Without any of the pictures, set down the data below exactly.

# DATA BLOCK:
• • • •

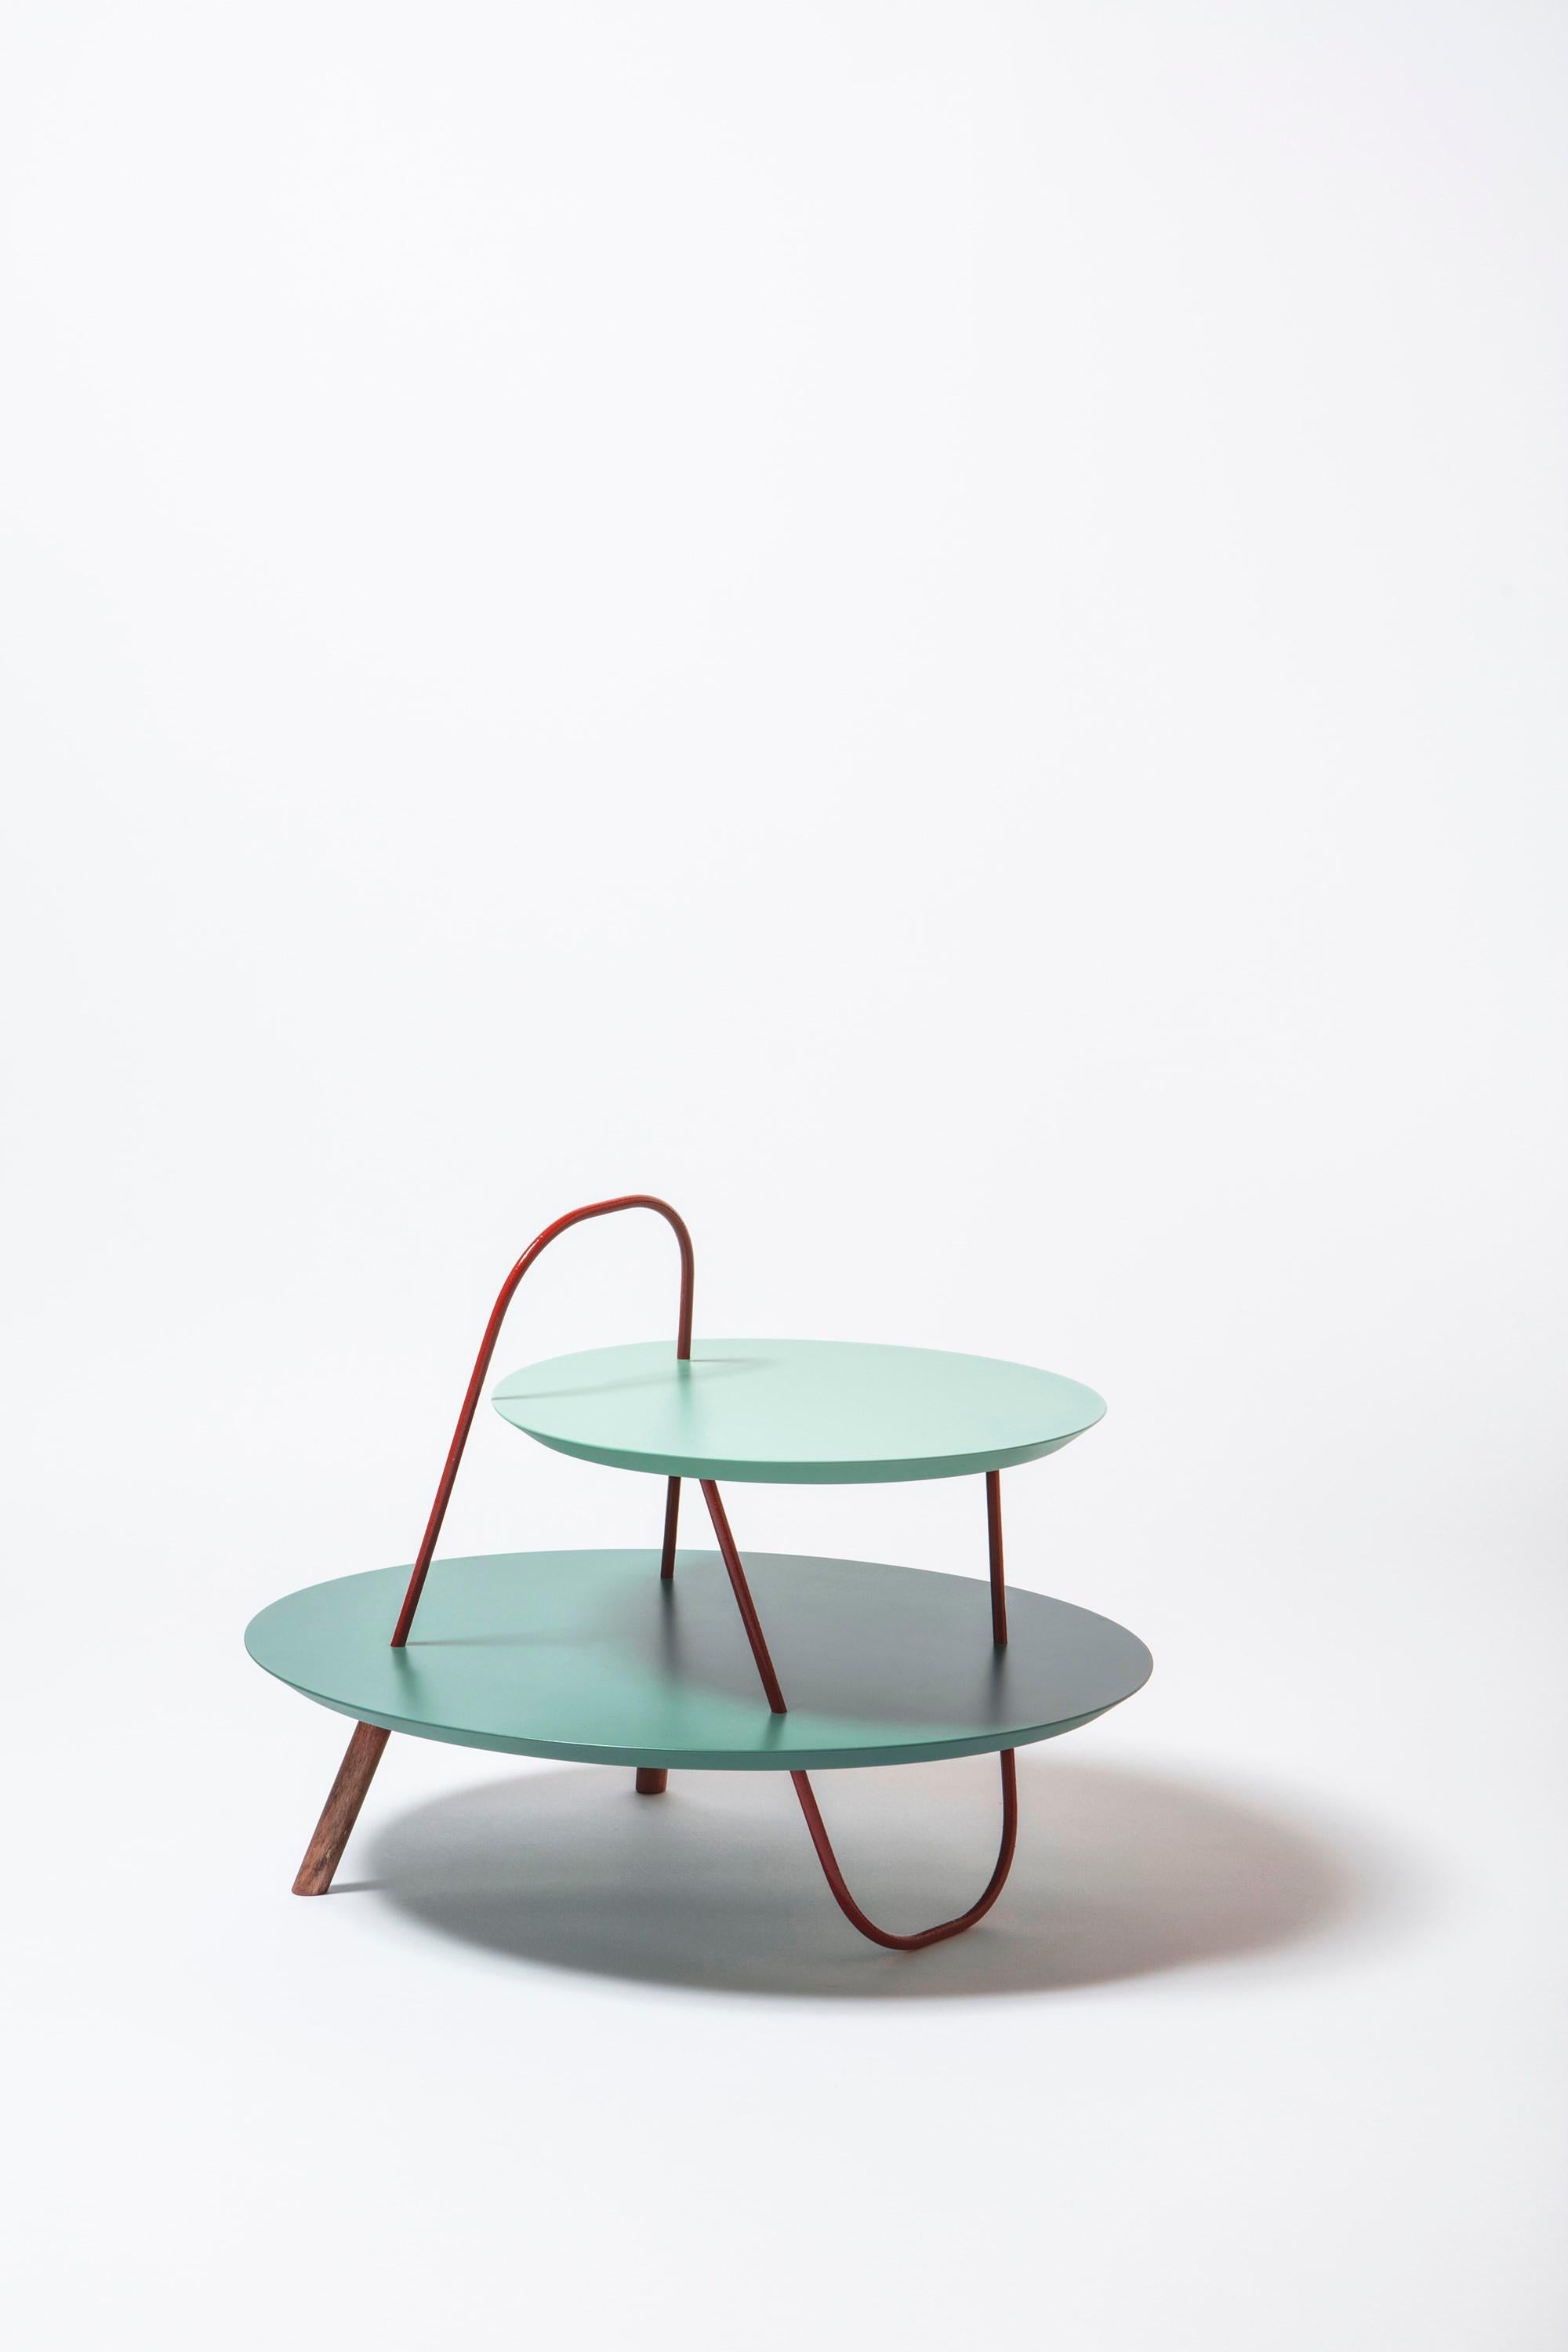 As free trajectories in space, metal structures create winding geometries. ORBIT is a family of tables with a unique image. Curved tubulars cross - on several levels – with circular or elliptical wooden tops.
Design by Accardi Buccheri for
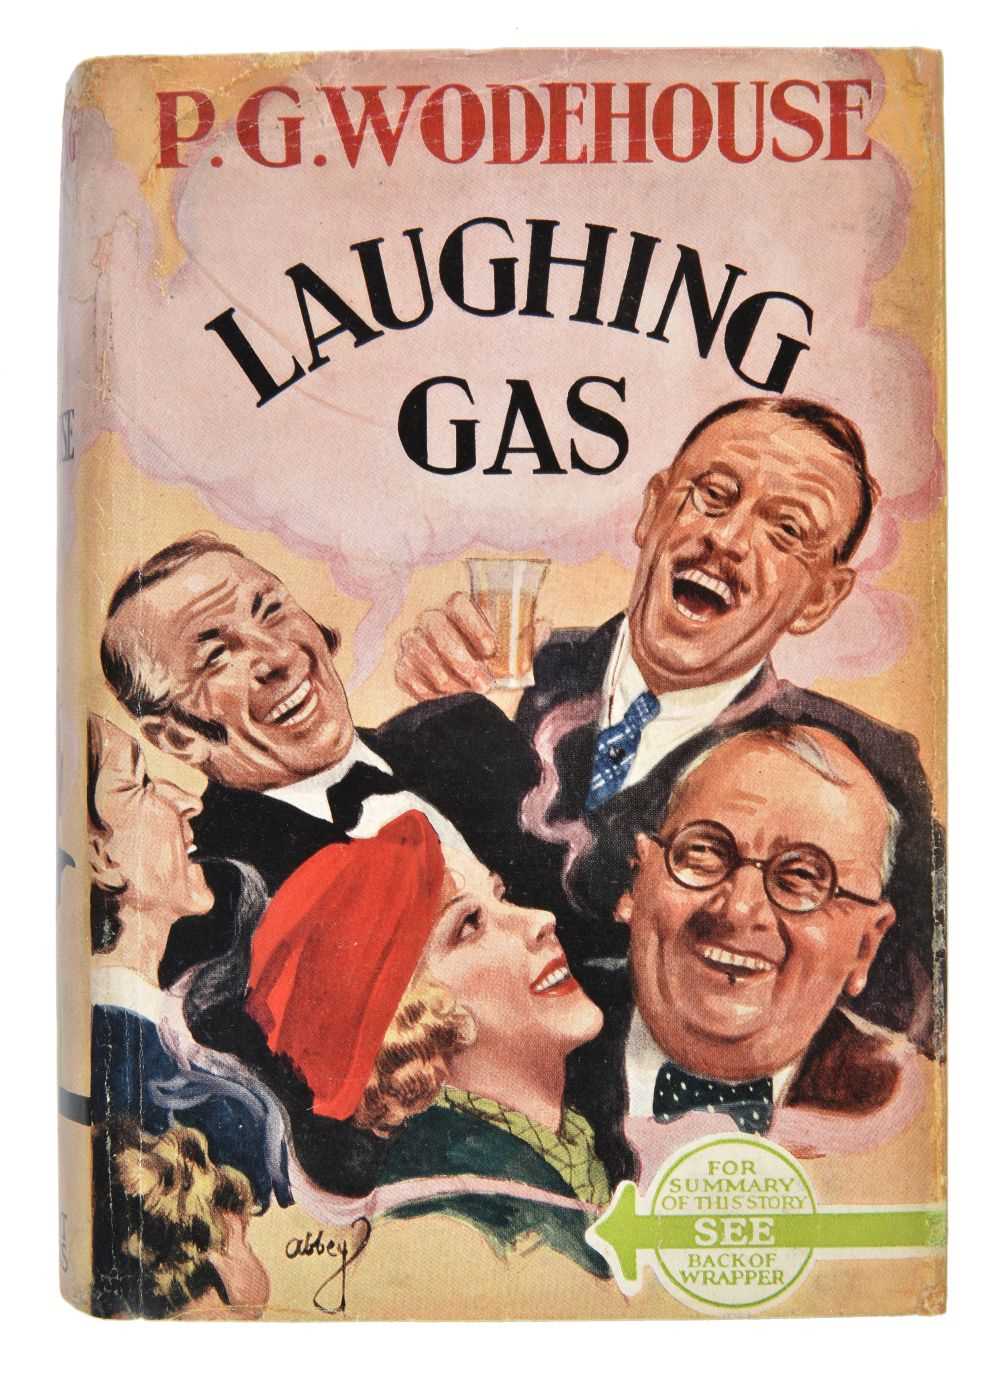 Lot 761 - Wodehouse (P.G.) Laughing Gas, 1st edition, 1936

• • • •

# SOLUTION TO THIS PROBLEM:
 As free trajectories in space, metal structures create winding geometries. ORBIT is a family of tables with a unique image. Curved tubulars cross - on several levels – with circular or elliptical wooden tops.
Design by Accardi Buccheri for
 Lot 761 - Wodehouse (P.G.) Laughing Gas, 1st edition, 1936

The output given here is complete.